The data:
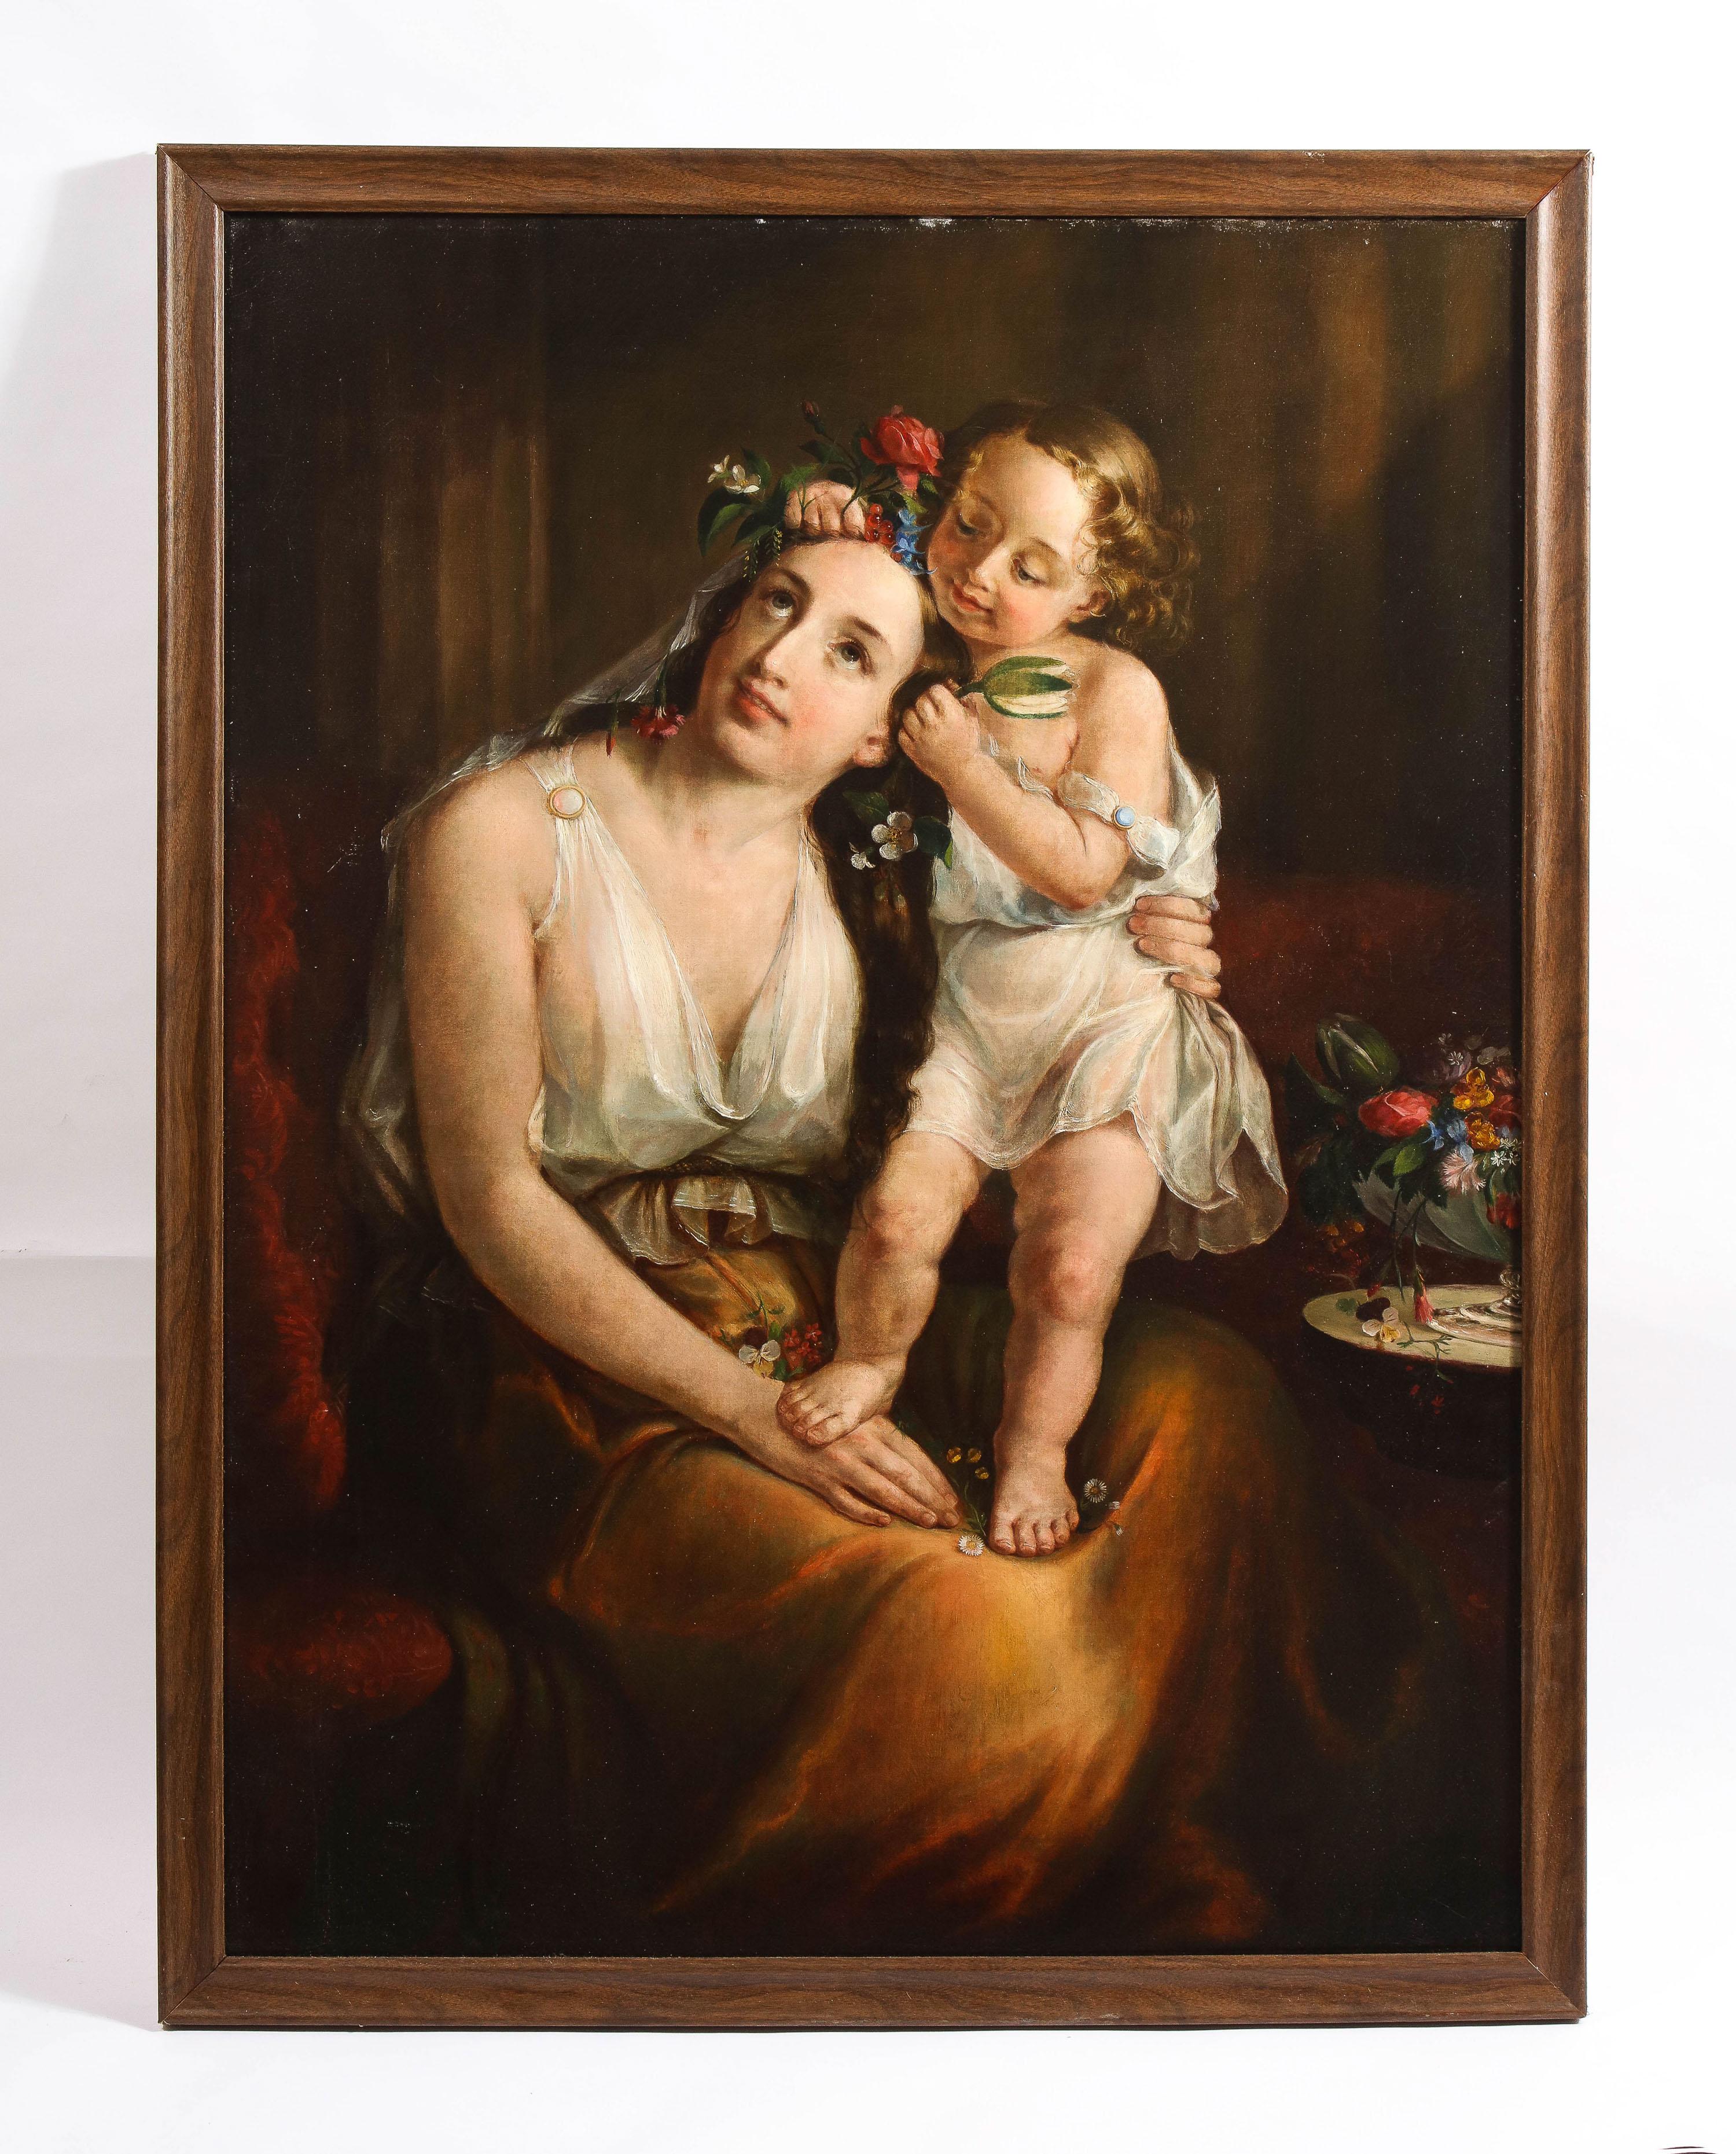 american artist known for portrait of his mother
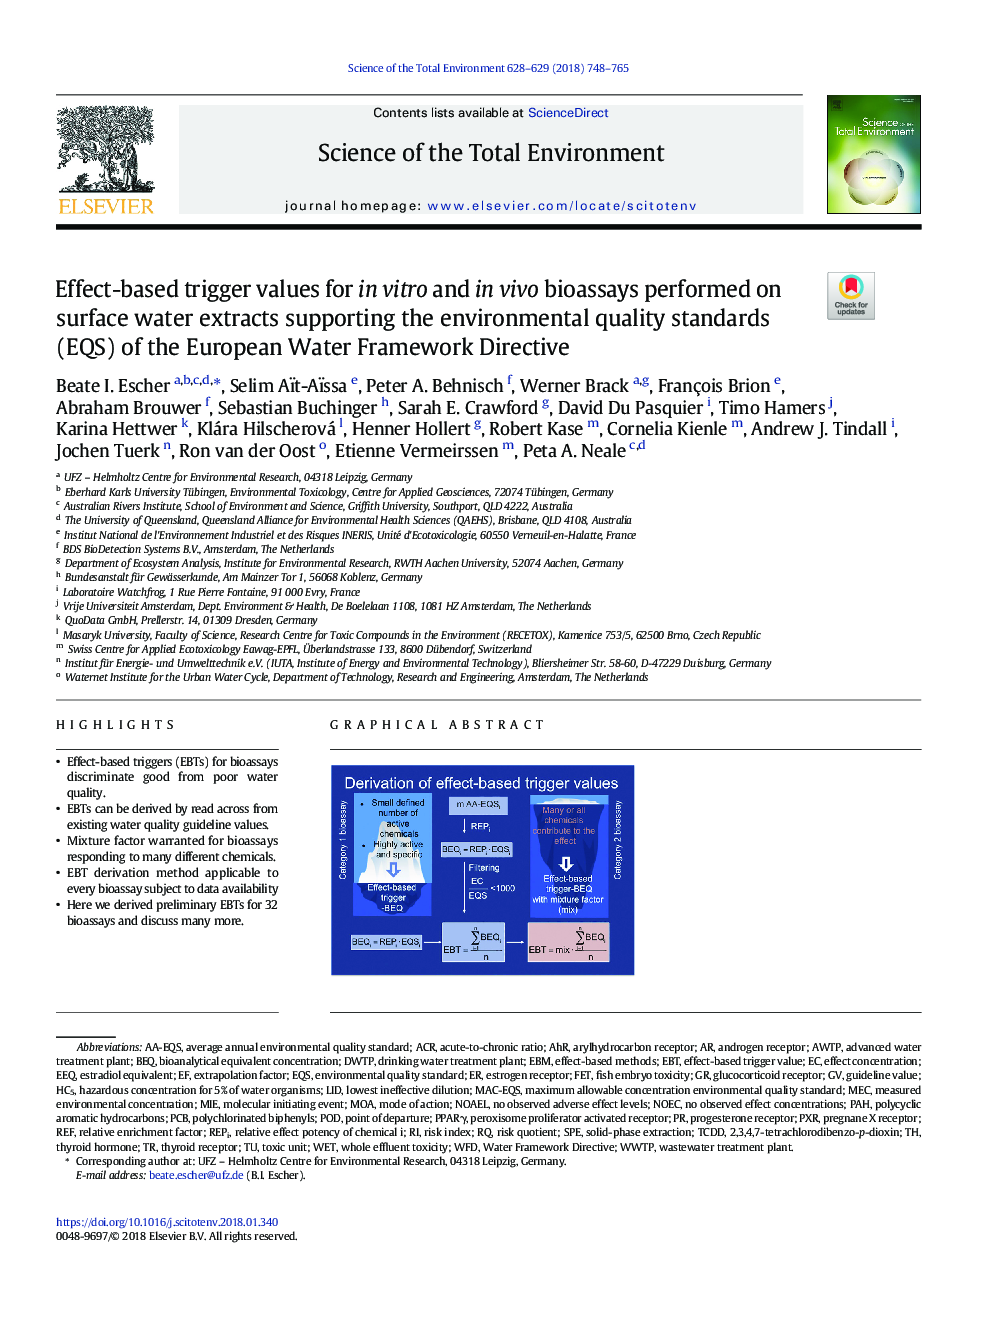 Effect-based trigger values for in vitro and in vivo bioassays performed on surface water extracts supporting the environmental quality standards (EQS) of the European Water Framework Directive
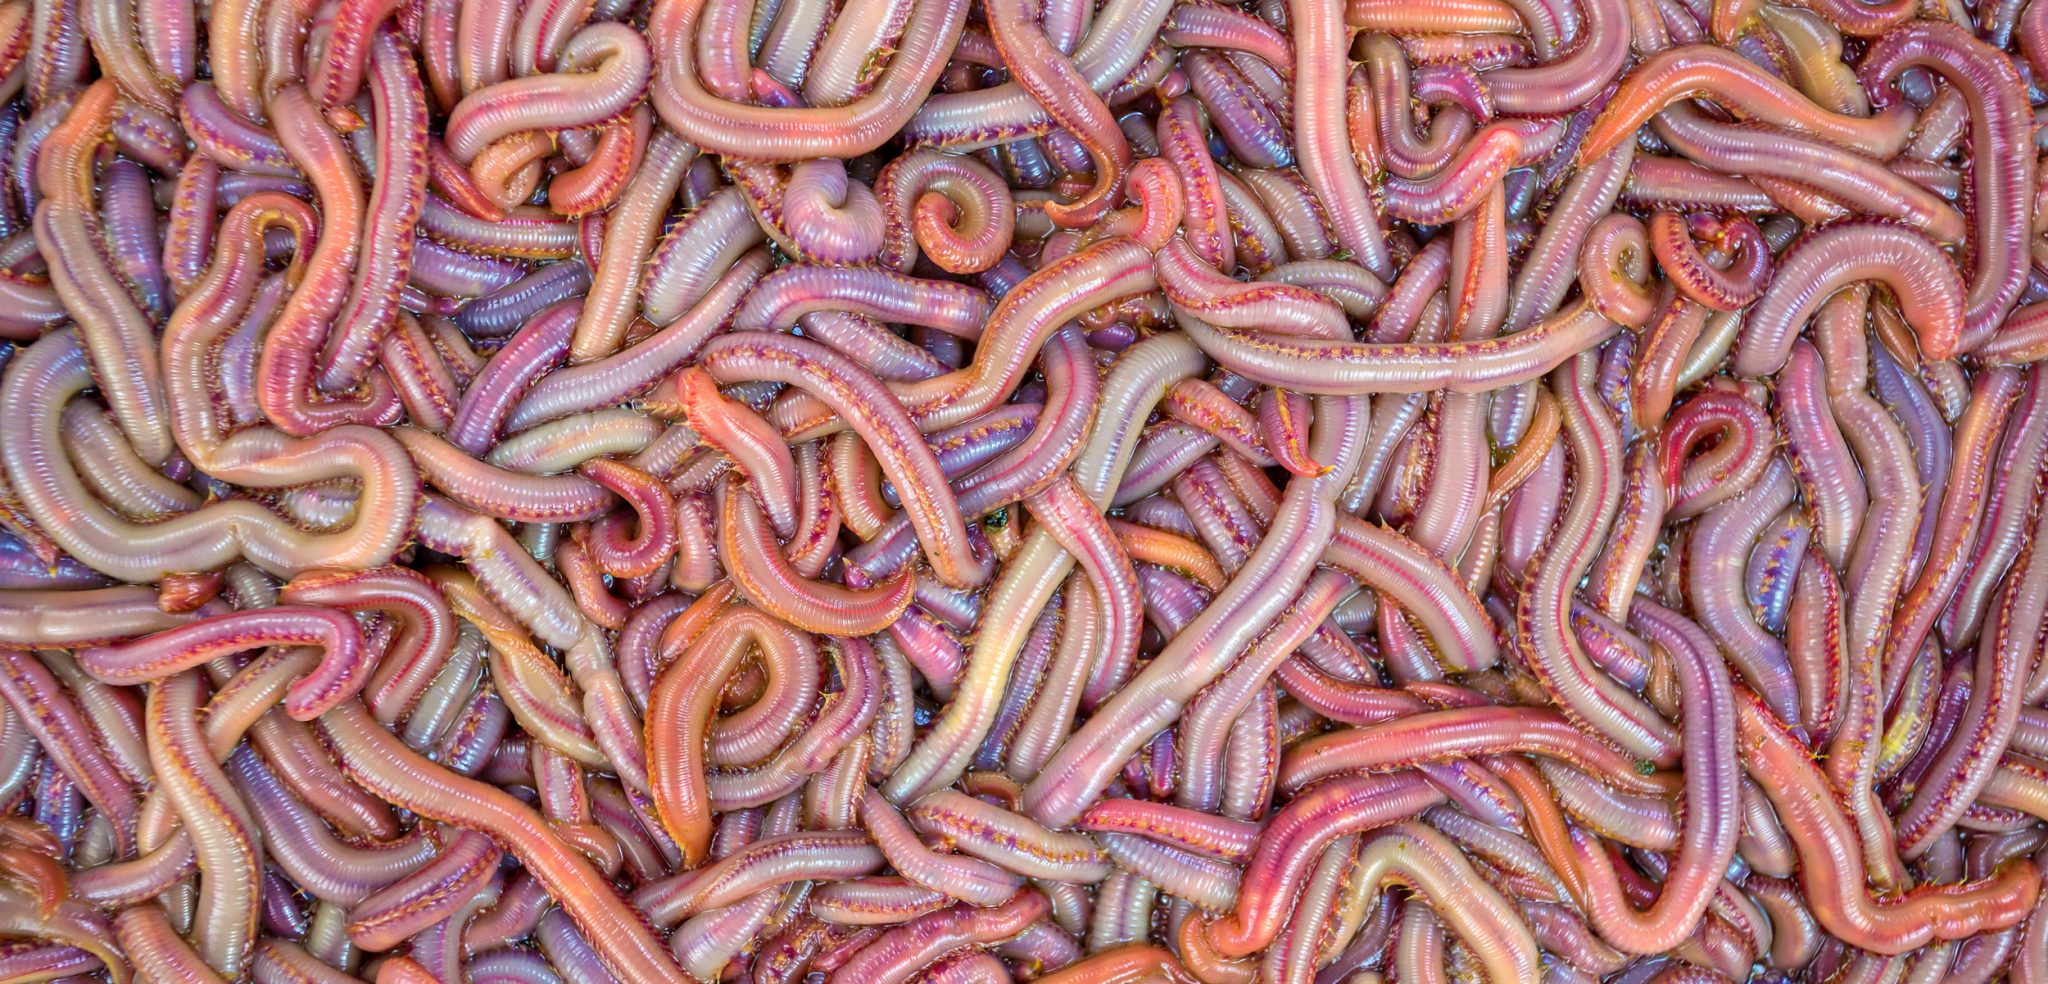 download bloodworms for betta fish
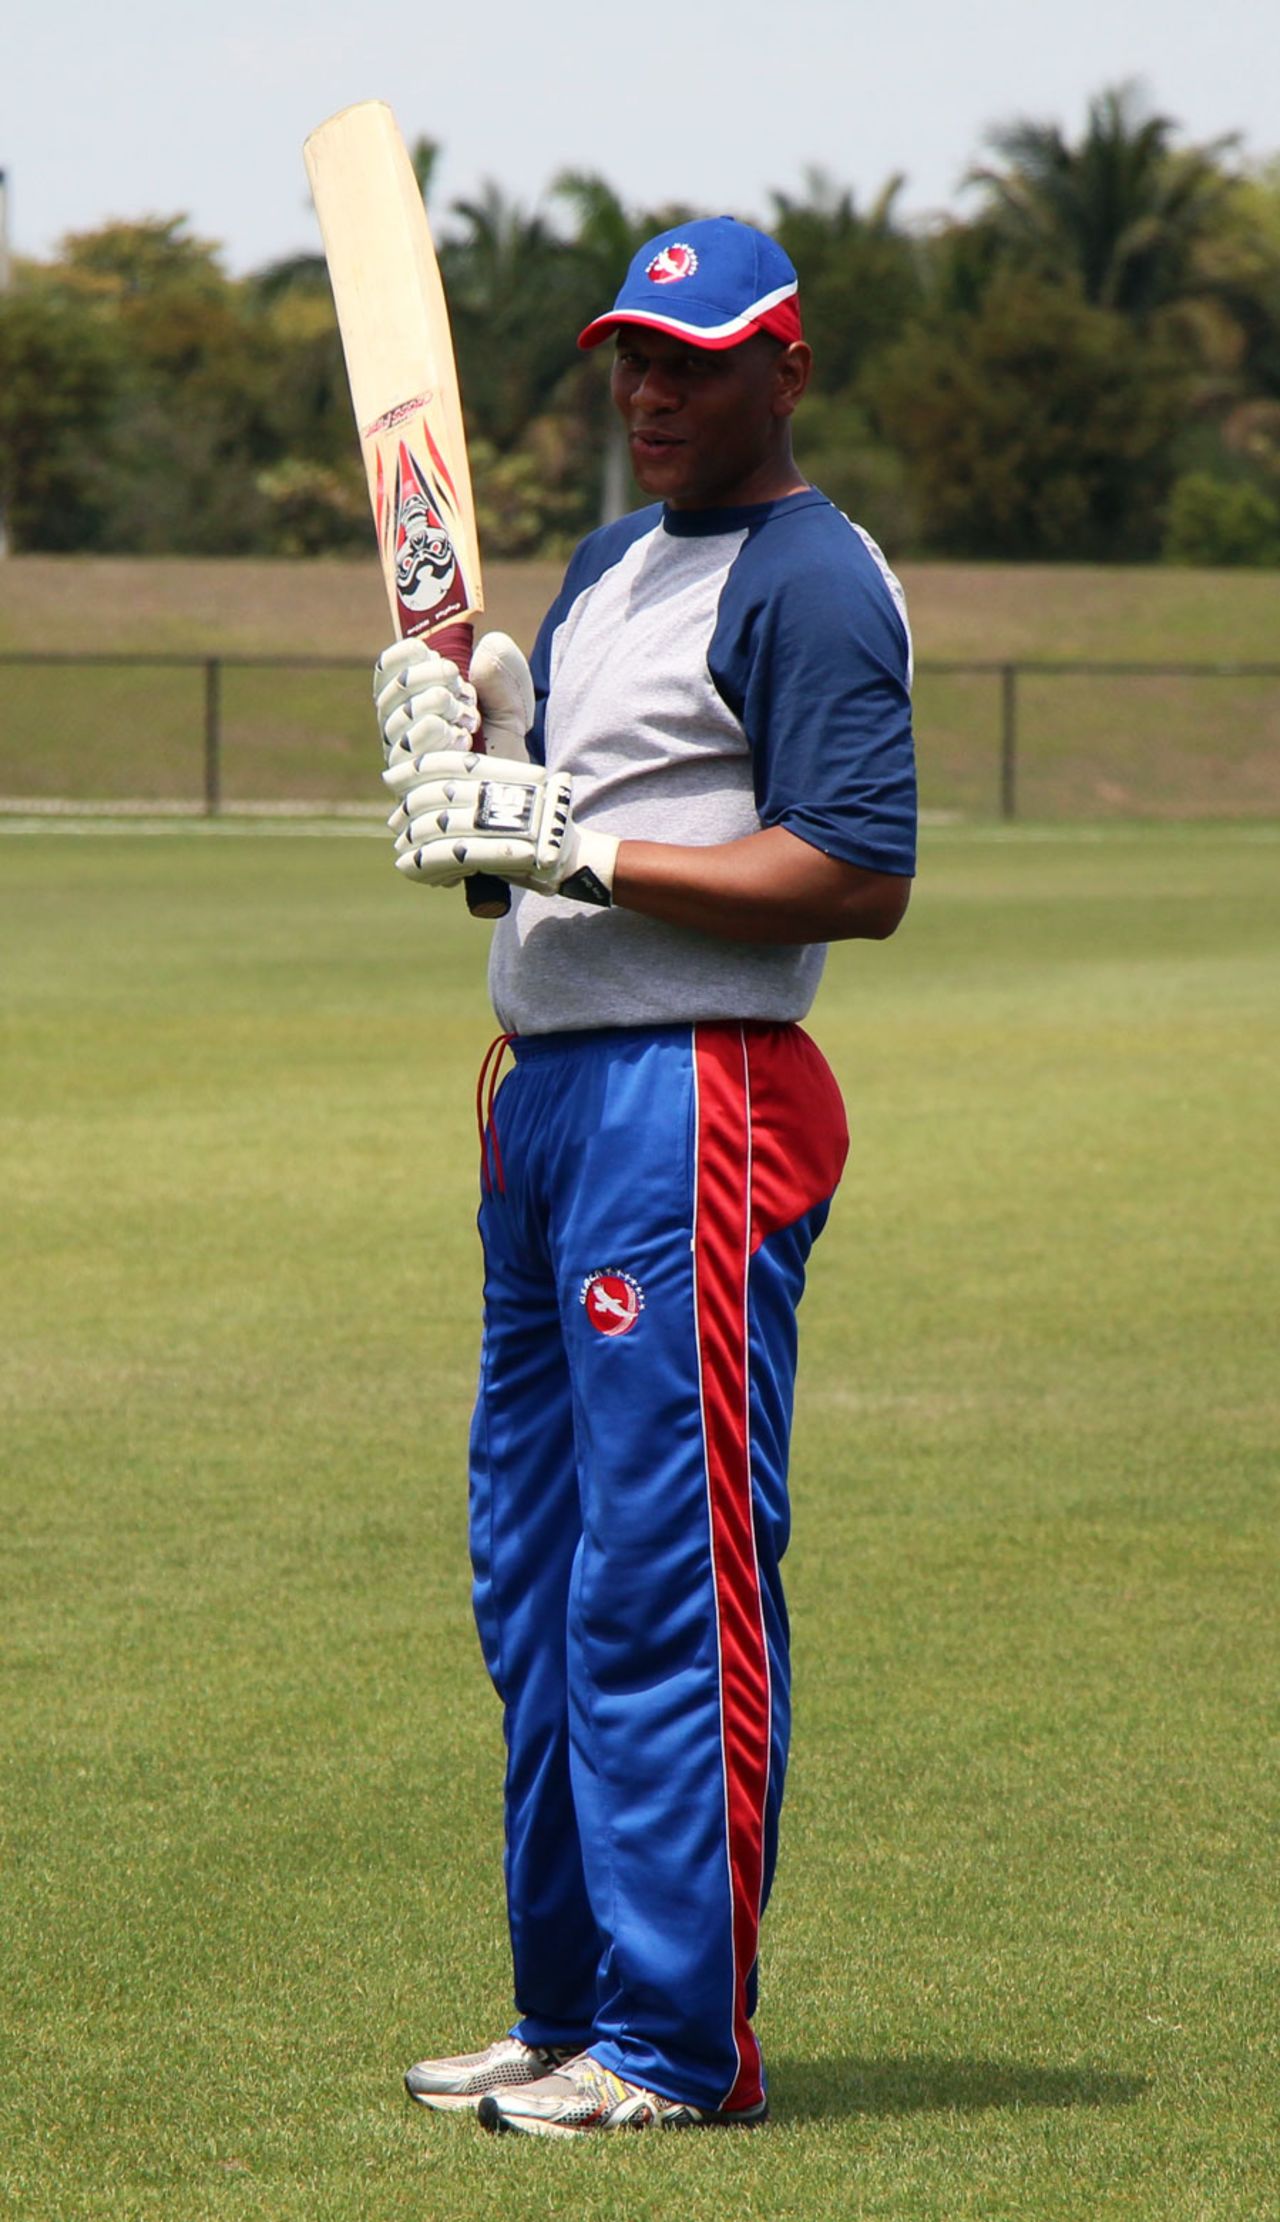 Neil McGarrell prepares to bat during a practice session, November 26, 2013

Exercise objective:
When you restate the listing, keep every word as it is and drop the pictures.

Task answer:
 american artist known for portrait of his mother
 Effect-based trigger values for in vitro and in vivo bioassays performed on surface water extracts supporting the environmental quality standards (EQS) of the European Water Framework Directive
 download bloodworms for betta fish
 Neil McGarrell prepares to bat during a practice session, November 26, 2013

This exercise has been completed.